Option Default Description
strategy 'consecutive' 'consecutive' or 'errorRate' — see Two tripping strategies
failureThreshold 5 'consecutive' only: failures in a row before the breaker opens
errorRateThreshold 0.5 'errorRate' only: failure rate (0-1) at or above which the breaker opens
minimumCalls 10 'errorRate' only: minimum samples before the rate can trip the breaker
errorRateDecay 0.9 'errorRate' only: EWMA decay factor — closer to 1 weighs history more heavily
resetTimeout 60000 ms to stay open before allowing a half-open trial
backoffMultiplier 2 Multiplies resetTimeout on each failed trial (1 disables backoff)
maxResetTimeout resetTimeout * 8 Ceiling for the backed-off reset timeout
jitter 0.1 Randomizes the effective reset timeout by ±this fraction, so instances don't all retry in lockstep
trialTimeout min(timeout ?? 10000, resetTimeout) Max ms a claimed half-open trial may run before its claim is released/expires
monitorInterval 5000 ms between local-mode sweeps for a trial that never settled (safety net)
timeout none optional per-call timeout in ms
store none enables distributed mode when provided
failOpenOnStoreError true see Store unavailability
onStateChange none (state: 'open' | 'half-open' | 'closed', operation: string) => void'half-open' fires exactly when a caller claims the single half-open trial slot. In distributed mode this is a per-process callback, not a fleet-wide broadcast — see Observability below for which instance actually sees it.
onStoreError none (error: unknown, operation: string) => void — fired whenever a store read/write fails, in addition to being logged
logger no-op { warn(msg), log(msg) } — plug in your own logger
maxOperations none Logs a one-time warning once the breaker has seen more than this many distinct operation names — see the cardinality note above. Unset: no limit, no warning.
openCacheRefreshMs 2000 Distributed mode only: while operation is known-open, reject locally without a store read, re-verifying against the store at most once per this many ms (to catch an early close by another instance's trial, or a manual reset()). Never delays trial eligibility — see limitation item 1. 0 disables the cache (a store read on every call, the pre-cache behavior).
localCache none (disabled) Distributed mode, opt-in, requires a store implementing subscribeTransitions: { staleToleranceMs?: number } (default 100 once the object is present) — caches CLOSED state locally, invalidated push-style, so a healthy call can skip the store read too, not just the write. See Local caching (hybrid mode) for the fail-open window this trades for that.
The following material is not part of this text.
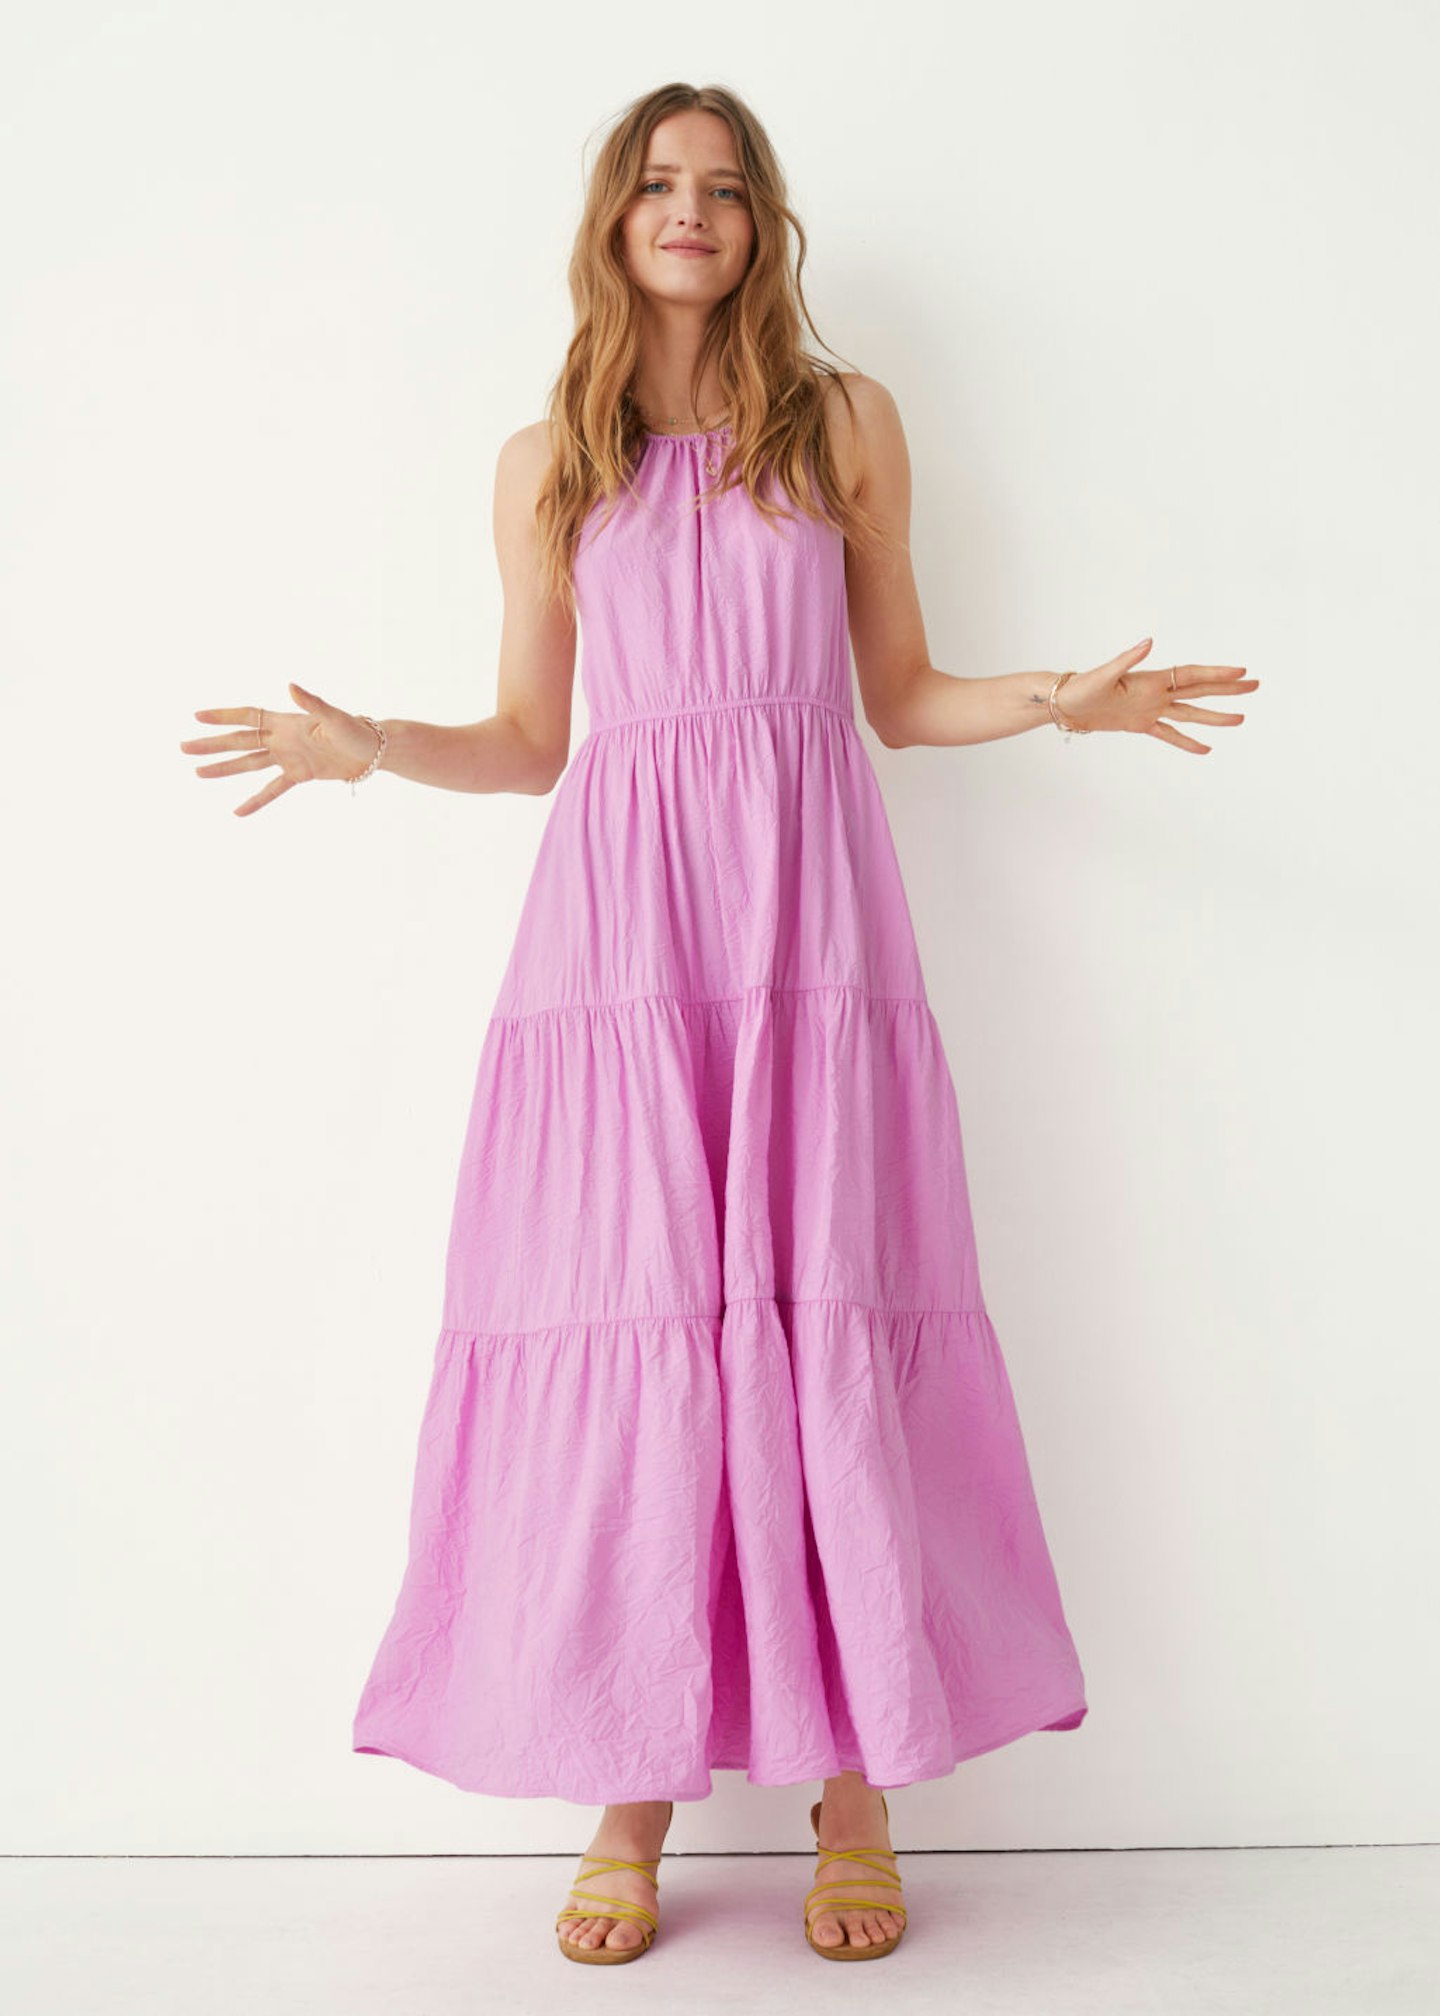 jubilee weekend &Other Stories, Strappy Tiered Maxi Dress, £110

Store unavailability: fail-open vs fail-closed

If the store itself throws (Redis is down, times out, network partition, etc.), redeye does not treat that the same as the protected operation failing — it's a distinct condition, controlled by failOpenOnStoreError:

  • true (default) — treat the breaker as closed and let the call through. A store outage degrades you to "no circuit-breaker protection," not "every call blocked."
  • false — throw StoreUnavailableError (exported) without calling the wrapped function at all. Appropriate when the protected operation is expensive, dangerous to retry blindly, or would itself add load to whatever's already causing the outage.

Writes back to the store are always best-effort — a write failure is logged and reported via onStoreError, but never thrown, and never overrides the real result of a call that already happened.

Total coordination-layer outage (the store itself is down)

Same failOpenOnStoreError branch as above, just hit by every instance at once instead of one partitioned instance — redeye doesn't promote a backup coordinator or fall back to per-instance local tracking as a substitute:

  • true (default): every instance lets every call through — no breaking happens anywhere, fleet-wide, for as long as the outage lasts.
  • false: every instance blocks every call with StoreUnavailableError, fleet-wide, including requests that would have succeeded.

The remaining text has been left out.